Bagels and Lox: The Quintessential Brunch of New York City

Bagels ’n Lox. The simplest of NYC’s classic brunches. A proper bagel – fresh-crusted and densely chewy – halved through its waistline, with the cut surface of each ring thickly schmeared in soft cream cheese and topped by translucent ribbons of cured salmon. A New York icon. Lox? That’s salmon.

This is a genuine silver-bullet against what lurks in the darkest clutches of the Morning After. On the really brightening side, there’s nothing to cook and very little to prepare. It certainly checks some must-have boxes.

It might not be strictly traditional, but some grand additions are little slivers of mild red onion, a fine slice of tomato and a few tart, diced-up capers. I prefer mine “open’”with the two bagel halves loaded separately and dressed with a tiny squeeze of lemon juice and then a grind or two of black pepper.

Toasted bagels? Bagels should be fresh. If they’re not, you will have to toast them… lightly.

Fish, bread, spread. The Trinity Slowly Comes Together. A Three-Part Story

For the sky-rocketing numbers of home-country oppressed, often cash-strapped Jews emigrating from Europe and Russia and settling mainly in Manhattan’s Lower East Side during the 1880s and onwards, there was an open sandwich that pressed the right buttons.

It was good, it was cheap and it was convenient in the sense that it didn’t need to be cooked or plated. The foundation for what eventually became Bagels ‘n Lox was typically a slice of dark rye bread with a spread (a schmear) of schmaltz (usually clarified chicken fat), or maybe butter, topped off with thin slices of economical pickled herring rather than pricey salmon. It was traditional fare from the “old countries”.

But it wasn’t until the mid-1920s – when the more affluent, second “making-it-in-America generation” of Jewish Lower East Siders had blossomed – that this fish, bread and spread combo morphed into what we now know as Bagels ’n Lox. Here’s how it probably happened.

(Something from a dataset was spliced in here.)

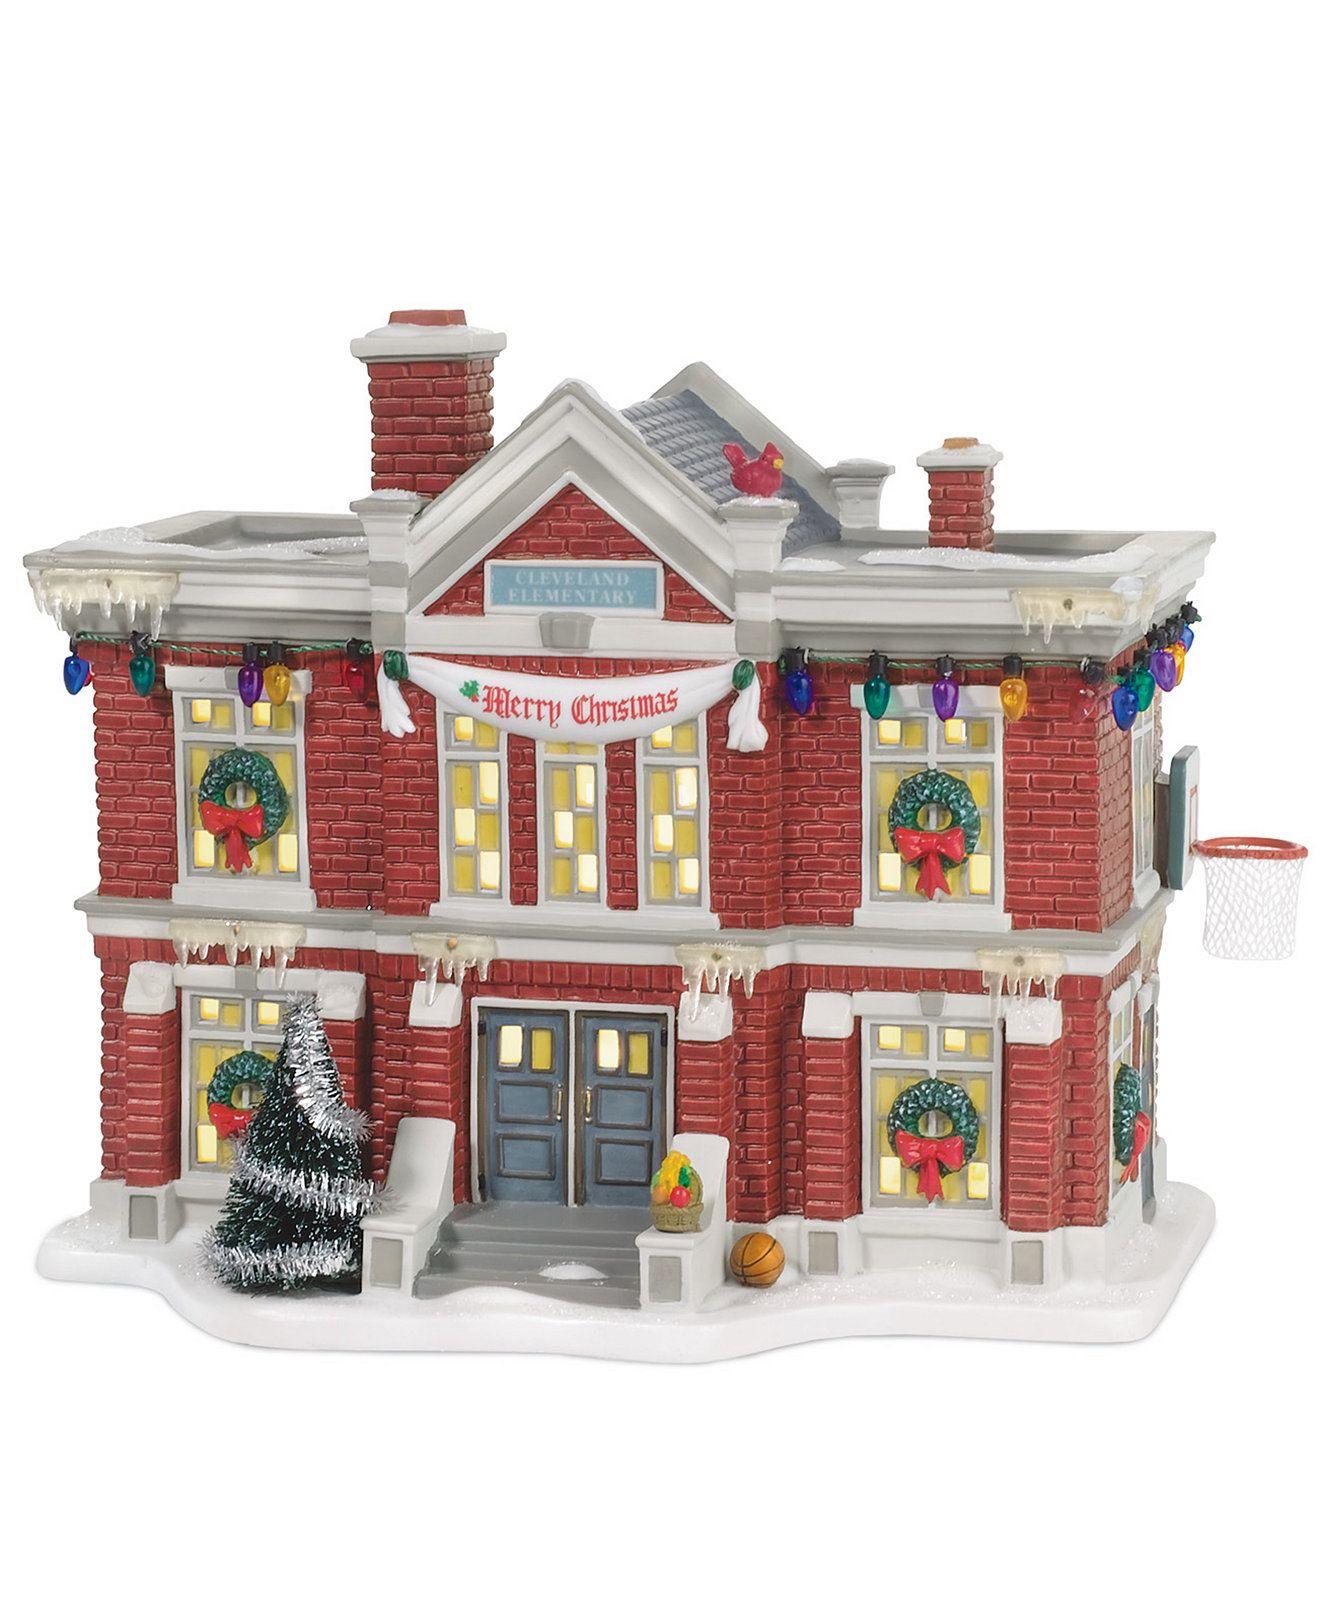 Light Cord For Christmas Village
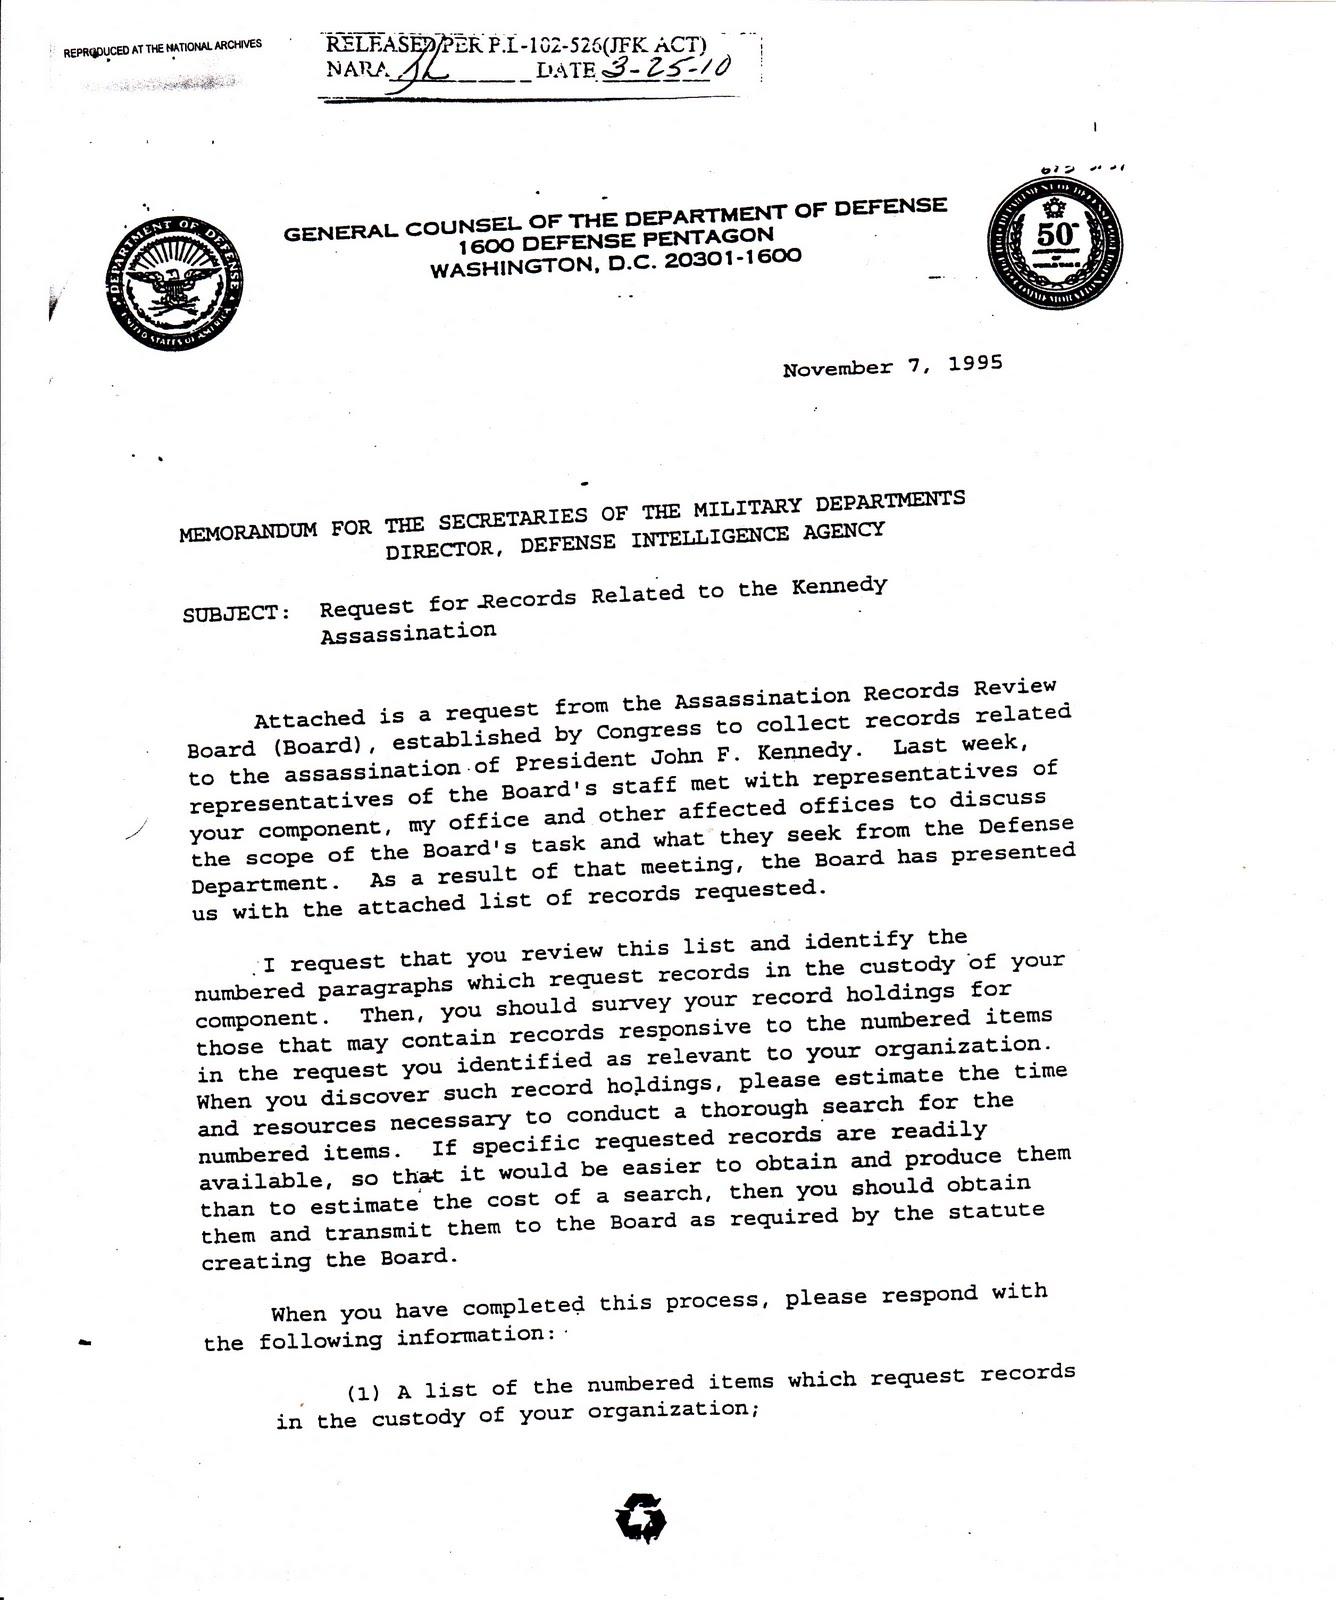 dod memo template - jfkcountercoup nov 7 1995 memo for secretaries of the

First: Around Comes the Bagel

Photo by Christine Siracusa on Unsplash

No question, New York’s signature bread is the bagel. Having crossed the Atlantic with immigrant Jewish bakers, it established its headquarters on the Lower East Side.

But it was nothing like the bagels we know today. Oh, no. It was more like a large, circular pretzel with a hole big enough to put your hand through – a sort of “biscuit bracelet” – rather than a softish bun with a little middle hole. It was eaten in broken-off pieces that you’d dip into schmaltz or butter rather than being cut and spread with anything. And just like a biscuit, it was longer lasting and far less prone to going stale.

This traditional bagel began evolving in NYC from around 1895 through to the mid-1920s by when it had become plumper, like a doughnut, smaller (maybe two-thirds the size of today’s bagels), had a hole of about 1.5cms and was soft enough to be cut. At last it was a bread for spread.

But it was still a bit of a hard-chewing mouthful. Its transition to the still-softer modern bagel was probably almost complete by the late 1950s but it didn’t become the “standard” textured bagel of today until after 1963 and the introduction of a super-efficient, California-invented, market-dominating, bagel-making machine.

Making those pretzel-like bagels back in the late 1800s and early 1900s wasn’t a job for the faint-hearted. Things were so horrendously bad in the bagel baking game that about 300 workers formed “The International Beigel Bakers Union New York” in 1907.

It was a tough, Jewish, male-only, strictly Yiddish-speaking outfit whose main purpose was to improve the hellish working conditions and low wages of bagel makers slaving away in tenement basements on the Lower East Side.

These were seriously bad cave-like places with no ventilation for the elementary solid fuel ovens and boiling pots. In her book, The Bagel – The Surprising History of a Modest Bread, Maria Balinska says:

Bakers worked shirtless stripped to their waist for thirteen or fourteen hours a day, seven days a week. Typically young and unmarried, they often lived at their workplace sleeping between the mounds of rising dough and the oven with cats, rats and ‘cockroaches as big as birds’ for company. Illness was common and lifespan short.”

And everything was done by hand – dough making, kneading, rolling, forming, boiling, baking and stringing together for wholesale selling.

A 2003 article in The New York Times says they were made of “high-gluten flour, water, yeast, salt and malt syrup, mixed together in a hopper. Rollers would then take two-inch strips of dough and shape them. A designated bagel boiler would boil the bagels in an industrial kettle for less than a minute, which gave the bagel its tight skin and eventual shine. Finally, a third bagel man would put the bagels on thick redwood slats covered with burlap and place them in a brick or stone-lined oven.”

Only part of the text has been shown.